IllegalAccessError is introduced:

A program is trying to access or modify a property or call a method that you have no access to. Normally, this will cause a compiler exception. If this error occurs at runtime, an incompatible change has been made to a class.

To use polymorphism in subclass objects:

  • Class
  • Overwriting methods

Virtual method table

In object-oriented programming, dynamic dispatch is frequently used. If the process of dynamic dispatch has to search for the appropriate target in the method metadata of the class again, the execution efficiency may be affected. Therefore, to improve performance, the JVM creates a virtual method table in the method area of the class (non-virtual methods do not appear in the table). Use index tables instead of lookups.

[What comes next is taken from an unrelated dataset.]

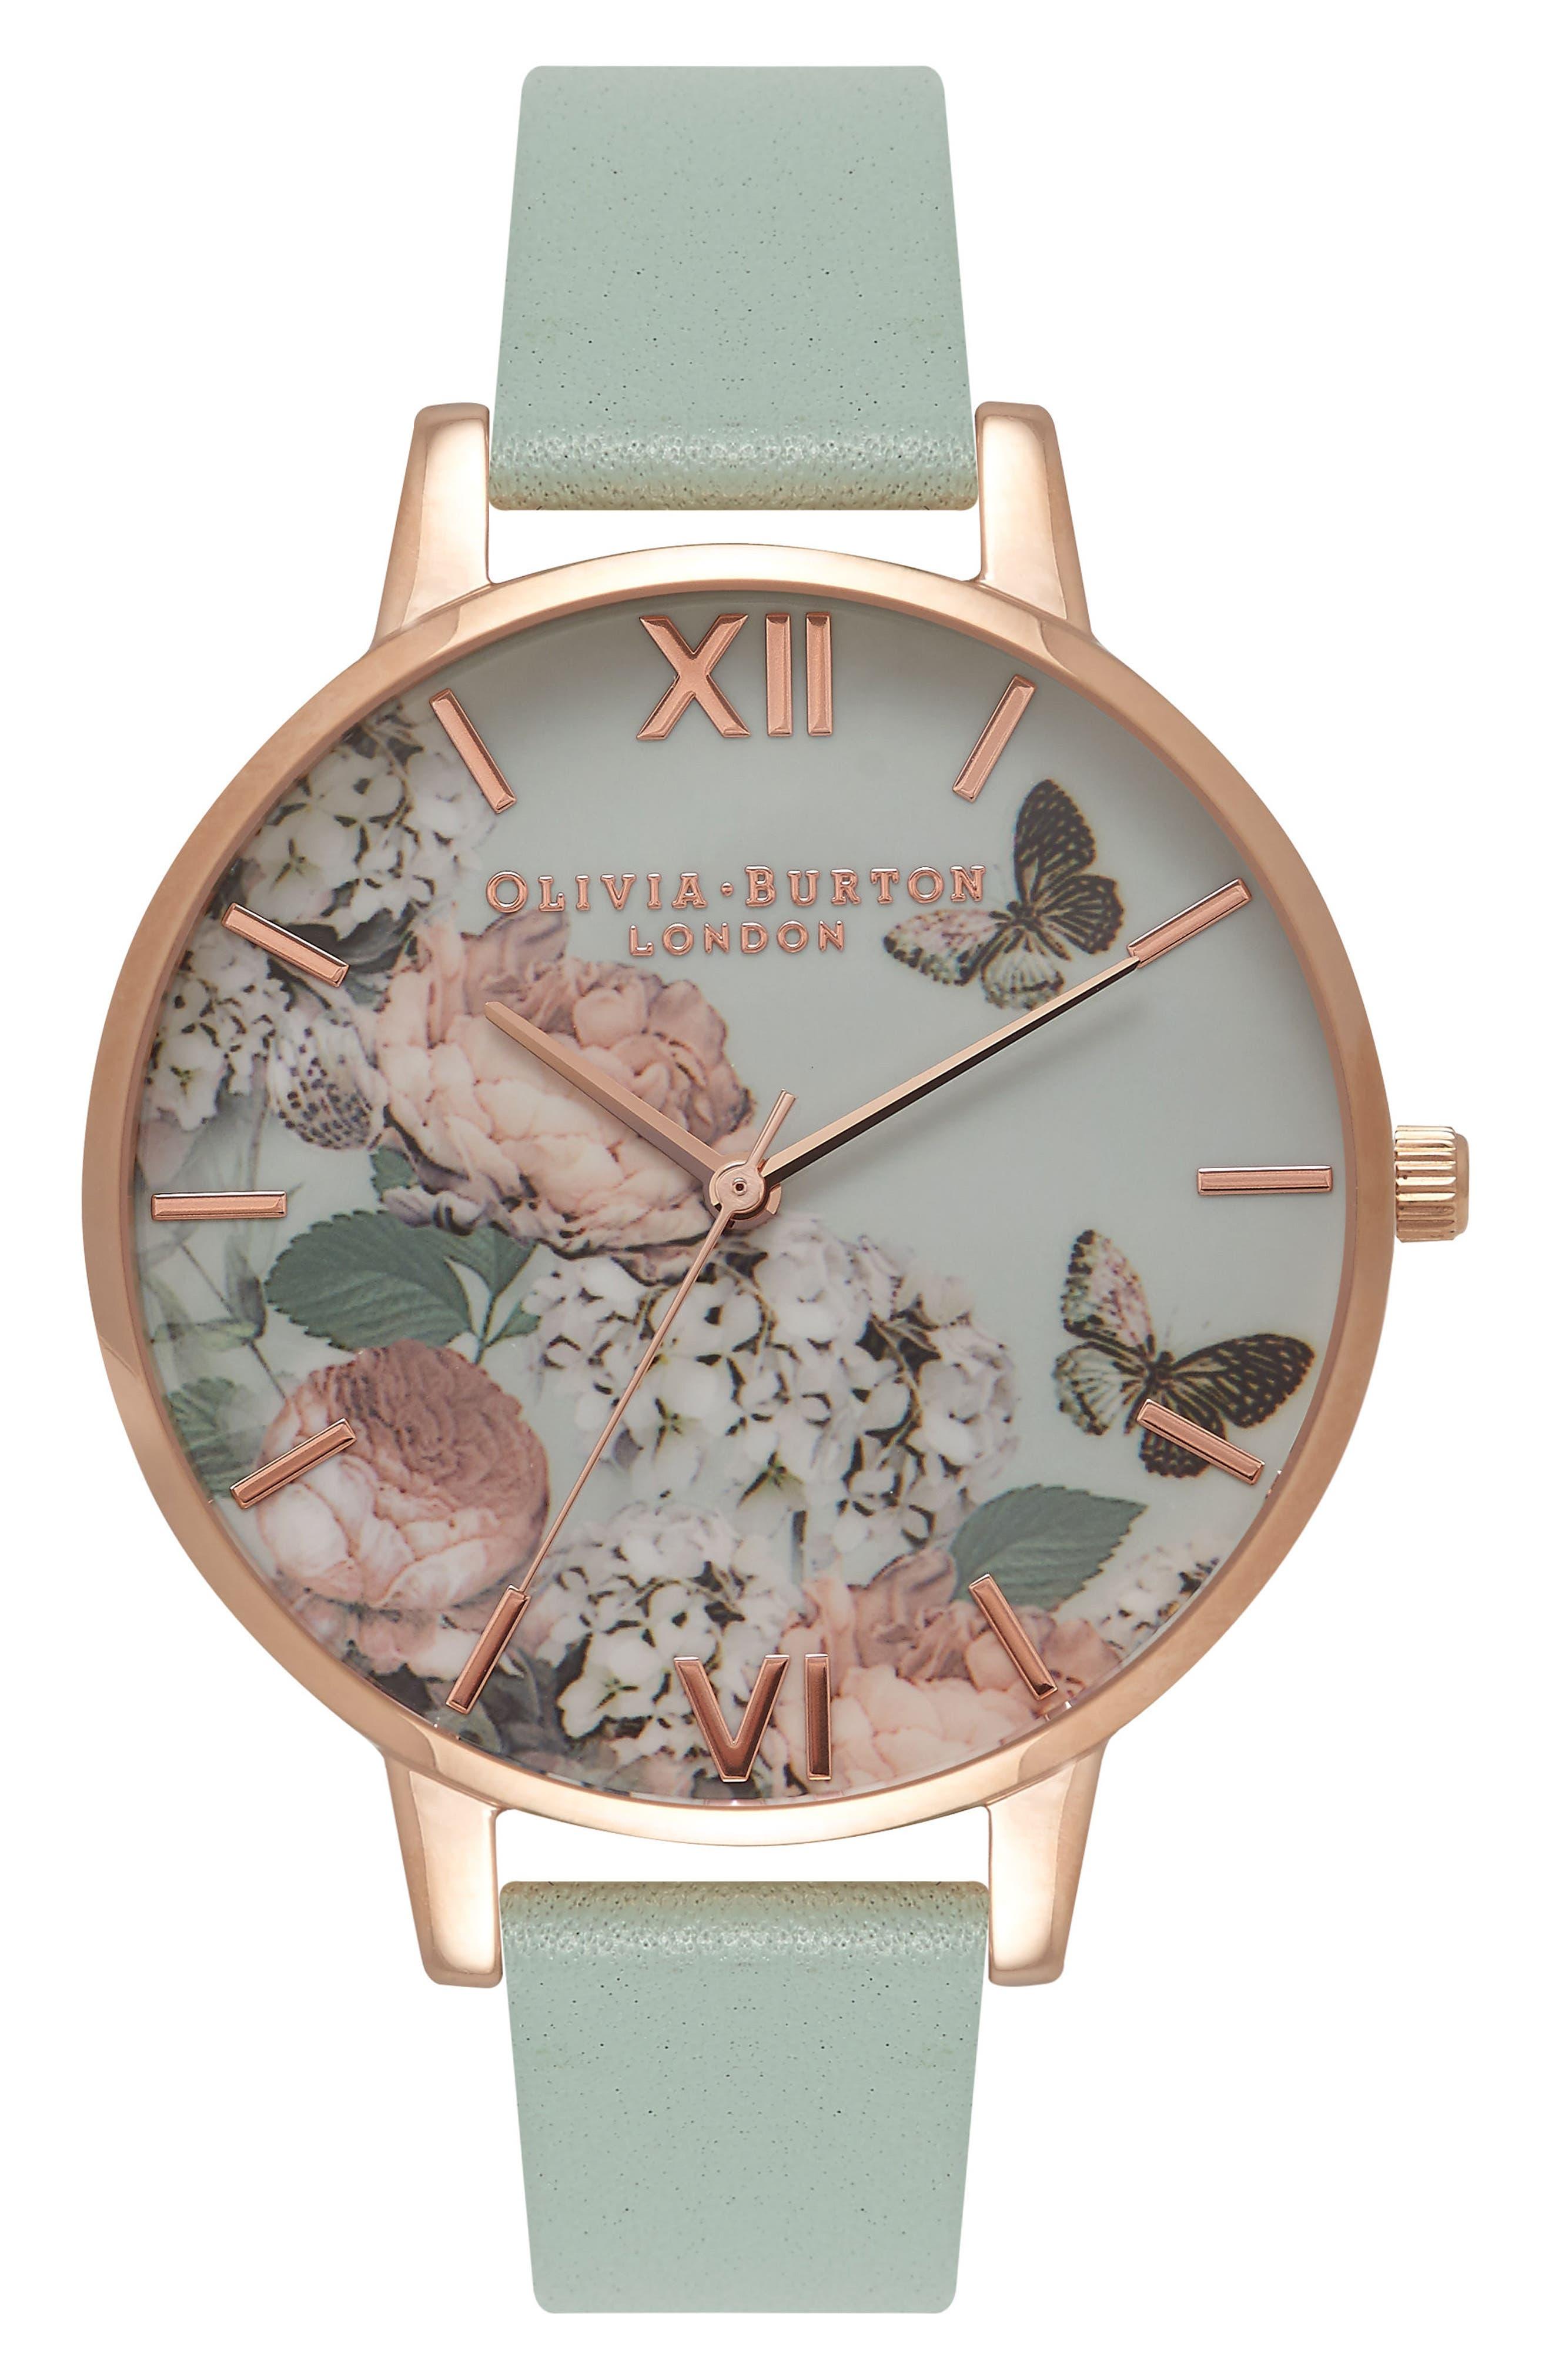 Olivia Burton Women's Olivia Burton Enchanted Garden Leather Strap Watch, 38mm

  • Each class has a virtual method table that holds the actual entry to each method.

So when is the virtual method table created?

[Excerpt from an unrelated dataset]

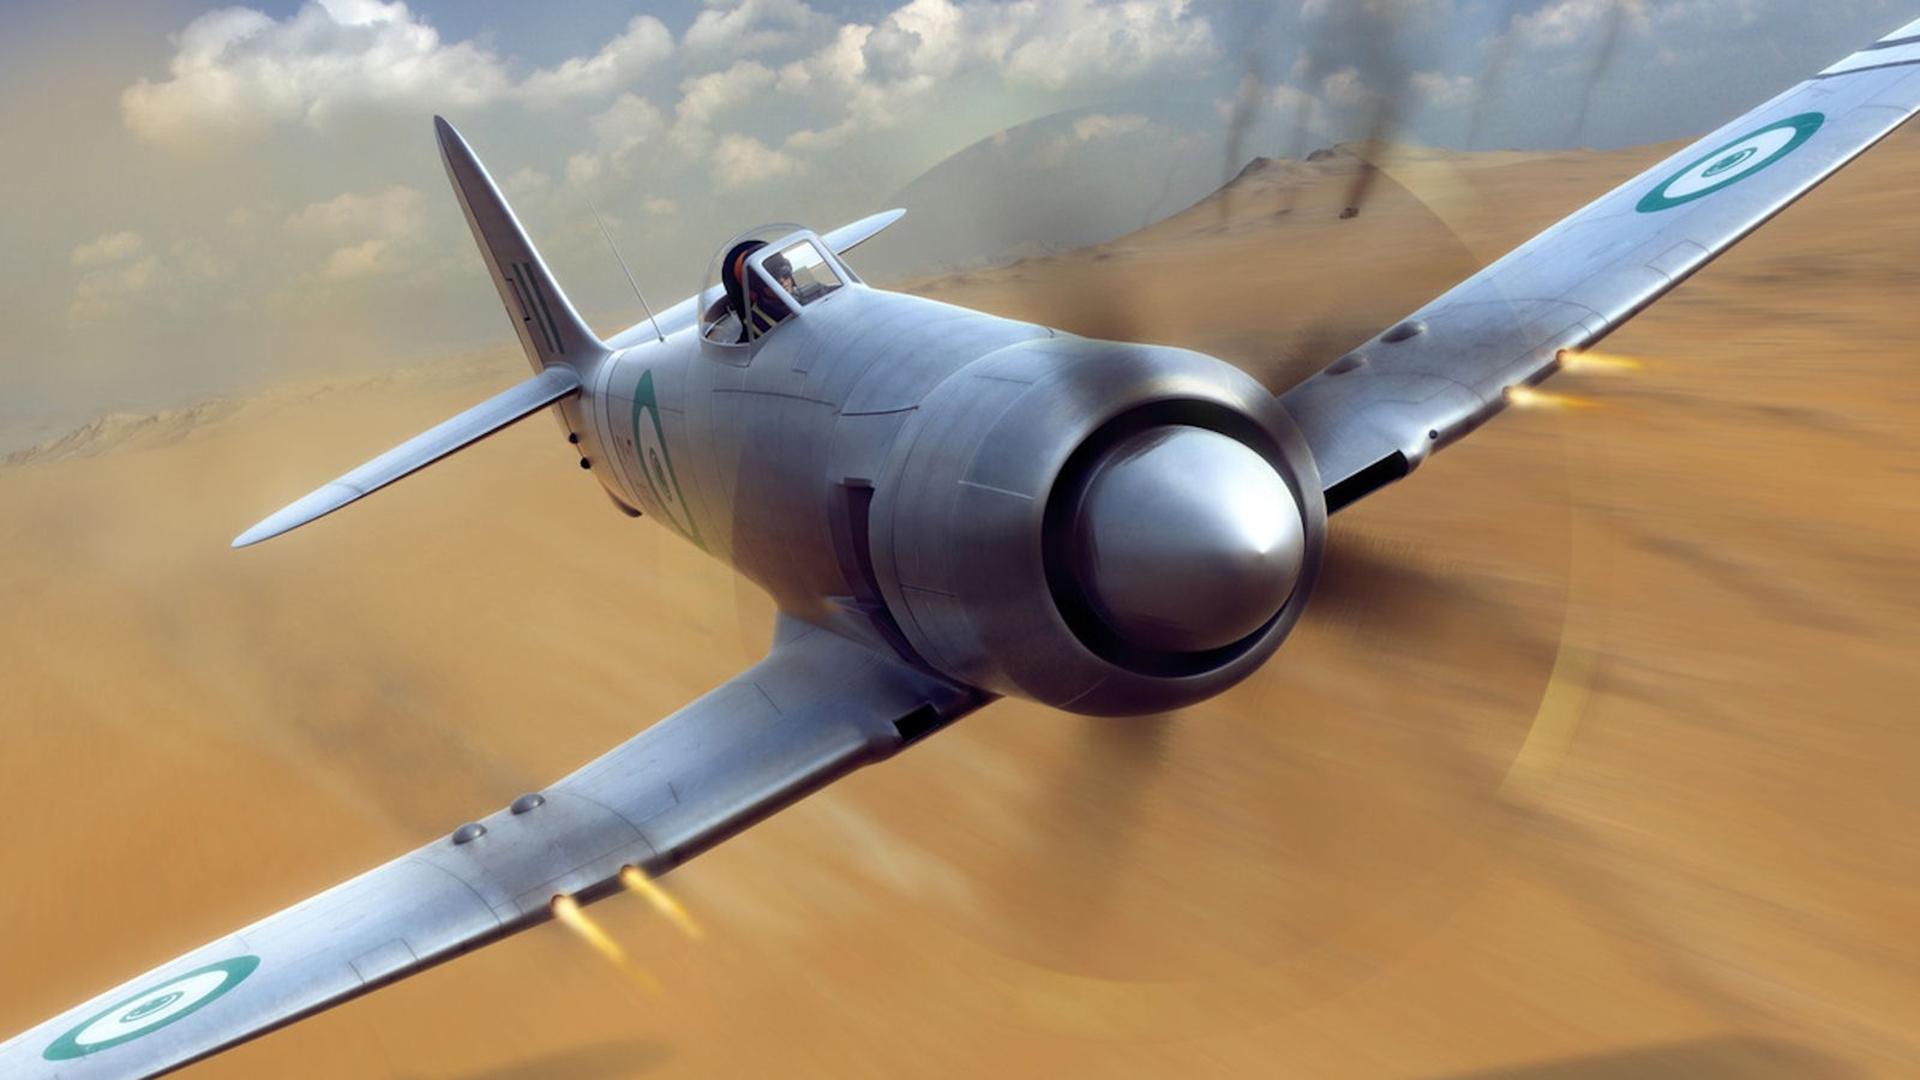 1 Hawker Sea Fury Hd Wallpapers  Backgrounds Wallpaper

  • The virtual method table is created and initialized during the linking phase of class loading. After the class variables are initialized, the JVM initializes the method table for that class as well.

Virtual method examples are introduced

** / interface Friendly {void sayHello(); void sayGoodbye(); } class Dog { public void sayHello() { } @Override public String toString() { return "Dog"; } } class Cat implements Friendly { public void eat() { } @Override public void sayHello() { } @Override public void sayGoodbye() { } @Override protected void finalize() { } @Override public String toString() { return "Cat"; } } class CockerSpaniel extends Dog implements Friendly { @Override public void sayHello() { super.sayHello(); } @Override public void sayGoodbye() { } }Copy the code

Virtual method table of class Cat

Dog class virtual method table

Virtual method table of CockerSpanielg class

Conclusion: The establishment of virtual method table is to improve the efficiency of program execution. By creating a virtual method table. Causes a direct reference to the overridden method to point to the address of the overridden method in the subclass. For example, if a method line is not found in a subclass, then the JVM will directly go to the parent class to find the method, without traversing the parent class again.

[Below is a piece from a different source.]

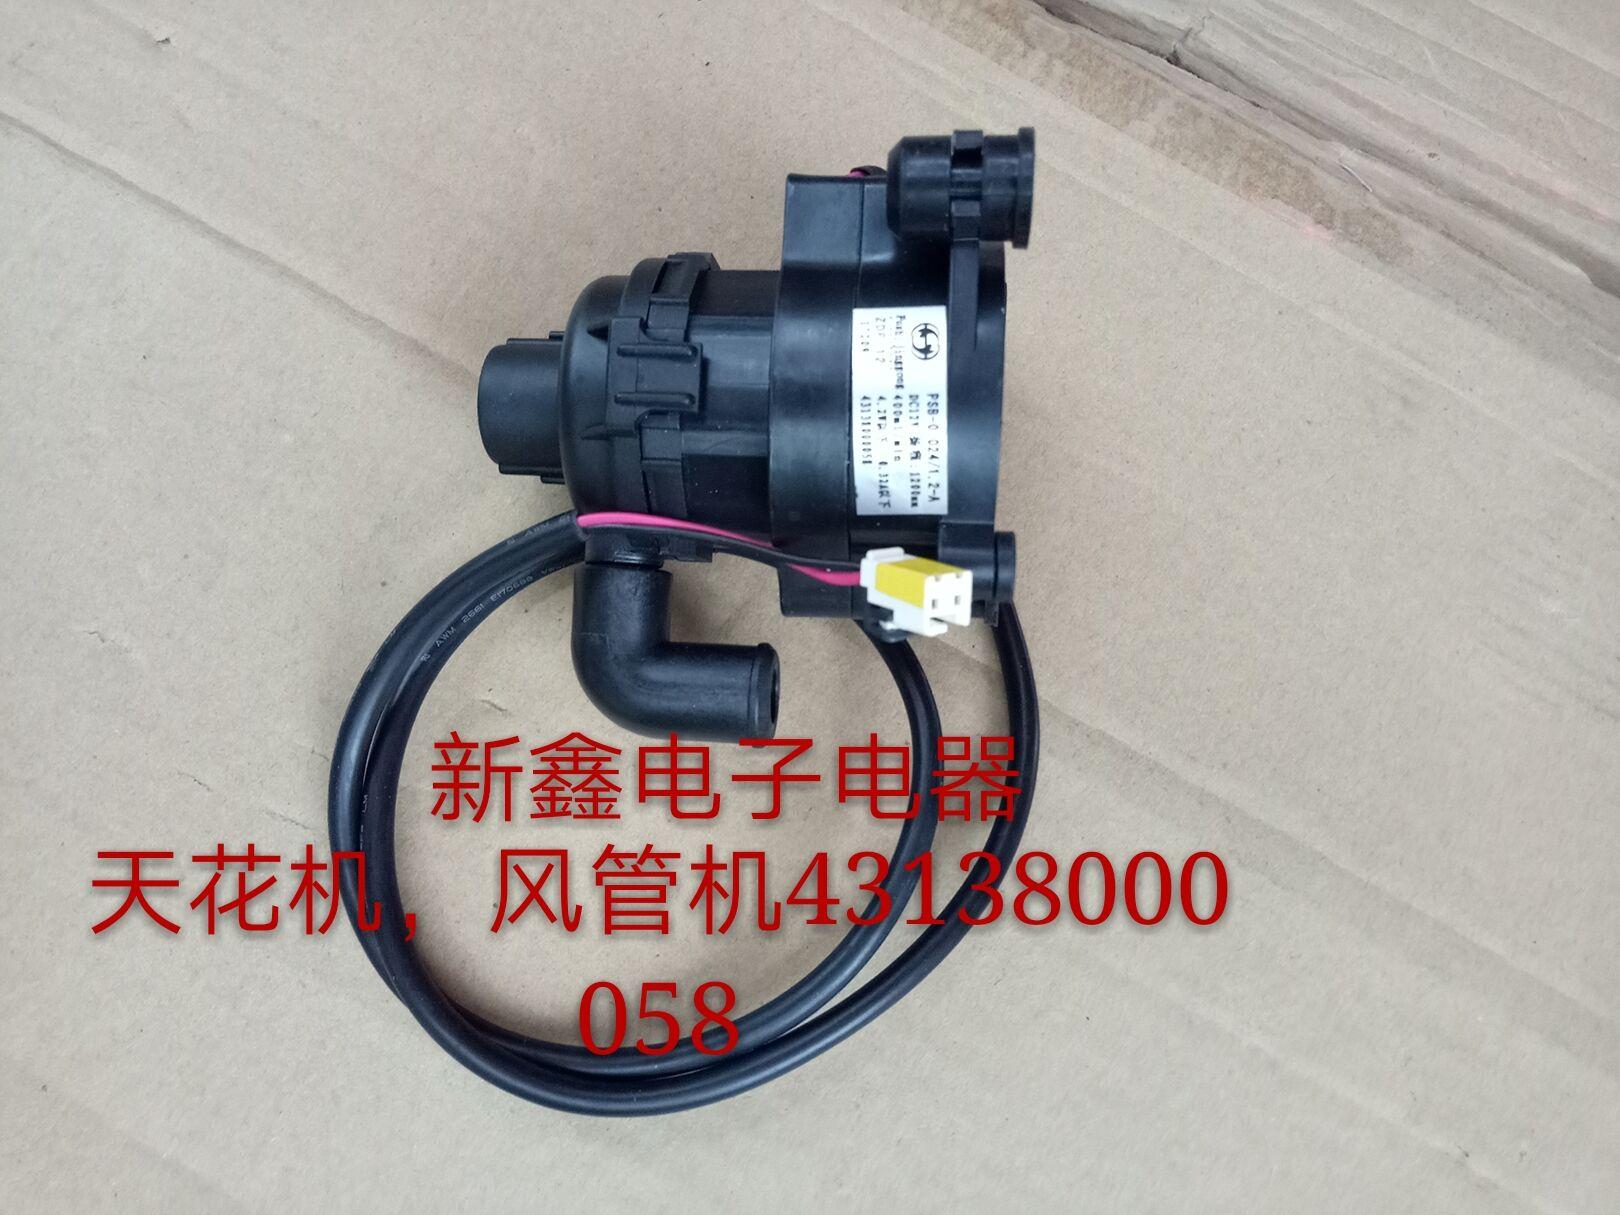 GREE Wind pocken - Drainage - Motor 4313800005812V spannung.

Method Return address (or the definition of a method that exits normally or unexpectedly) -return Adress

  • Stores the value of the PC register from which the method was called.

  • There are two ways to end a method:

      1. Normal execution complete
      1. An unhandled exception occurred and exits abnormally
  • Either way, after a method exits, it returns to where the method was called. When a method exits normally, the value of the caller’s PC counter is used as the return address, which is the address of the next instruction to the instruction that called the method. If an exception exits, the return address is determined by the exception table, which is generally not stored in the stack frame.

Normal completion of exit

When the execution engine encounters a bytecode instruction (return) returned by any method, the return value will be passed to the upper level method caller, referred to as normal completion exit;

  • Which return instruction a method needs to use after the normal call is complete depends on the actual data type of the method’s return value.

  • In the bytecode instruction, the return instruction contains

    • Ireturn: used when the return value is a Boolean,byte,char,short, or int
    • Lreturn: returns a value of long
    • Freturn: The return value is float
    • Dreturn: The return value is double
    • Areturn: The return value is the reference class
    • Return: for methods declared as void, instance initializers, class initializers, and interface initializers.

Exception completion exit

An Exception is encountered during the execution of the method, and this Exception is not handled in the method, that is, as long as there is no matching Exception handler in the Exception table of the method, will cause the method to exit. Abnormal completion exit.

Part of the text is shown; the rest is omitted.